Work to be completed: Which lines of the entries contain the string "Bienaise"? Copy each of them.

Entries taken from a collection:

# # #

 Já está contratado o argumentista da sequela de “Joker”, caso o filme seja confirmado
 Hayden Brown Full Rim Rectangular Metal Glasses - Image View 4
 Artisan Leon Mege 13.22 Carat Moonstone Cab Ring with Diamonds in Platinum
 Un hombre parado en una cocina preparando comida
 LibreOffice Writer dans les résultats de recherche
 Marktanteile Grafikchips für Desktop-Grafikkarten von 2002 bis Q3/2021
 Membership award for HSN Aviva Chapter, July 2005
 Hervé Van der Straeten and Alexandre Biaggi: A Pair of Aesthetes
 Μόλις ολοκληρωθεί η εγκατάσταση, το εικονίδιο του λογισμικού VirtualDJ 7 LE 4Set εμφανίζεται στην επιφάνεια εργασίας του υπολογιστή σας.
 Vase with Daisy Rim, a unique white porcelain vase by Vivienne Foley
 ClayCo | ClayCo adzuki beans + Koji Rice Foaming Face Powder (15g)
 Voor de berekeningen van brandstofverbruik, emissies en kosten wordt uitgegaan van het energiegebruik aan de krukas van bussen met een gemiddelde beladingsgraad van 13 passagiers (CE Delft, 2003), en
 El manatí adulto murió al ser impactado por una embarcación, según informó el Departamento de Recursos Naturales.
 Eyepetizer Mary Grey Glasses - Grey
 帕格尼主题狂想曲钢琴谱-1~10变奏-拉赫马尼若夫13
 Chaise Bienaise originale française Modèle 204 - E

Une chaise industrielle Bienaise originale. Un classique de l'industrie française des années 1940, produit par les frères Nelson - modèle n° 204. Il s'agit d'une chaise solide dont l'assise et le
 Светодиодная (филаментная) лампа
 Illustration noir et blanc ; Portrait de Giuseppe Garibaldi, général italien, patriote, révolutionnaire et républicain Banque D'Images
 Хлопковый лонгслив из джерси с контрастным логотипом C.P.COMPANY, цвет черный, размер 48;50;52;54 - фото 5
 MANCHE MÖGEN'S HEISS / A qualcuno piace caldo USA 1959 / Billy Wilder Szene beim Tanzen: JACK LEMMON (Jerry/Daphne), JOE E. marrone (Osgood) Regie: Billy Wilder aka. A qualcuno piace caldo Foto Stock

# # #

Result below:
 Chaise Bienaise originale française Modèle 204 - E
Une chaise industrielle Bienaise originale. Un classique de l'industrie française des années 1940, produit par les frères Nelson - modèle n° 204. Il s'agit d'une chaise solide dont l'assise et le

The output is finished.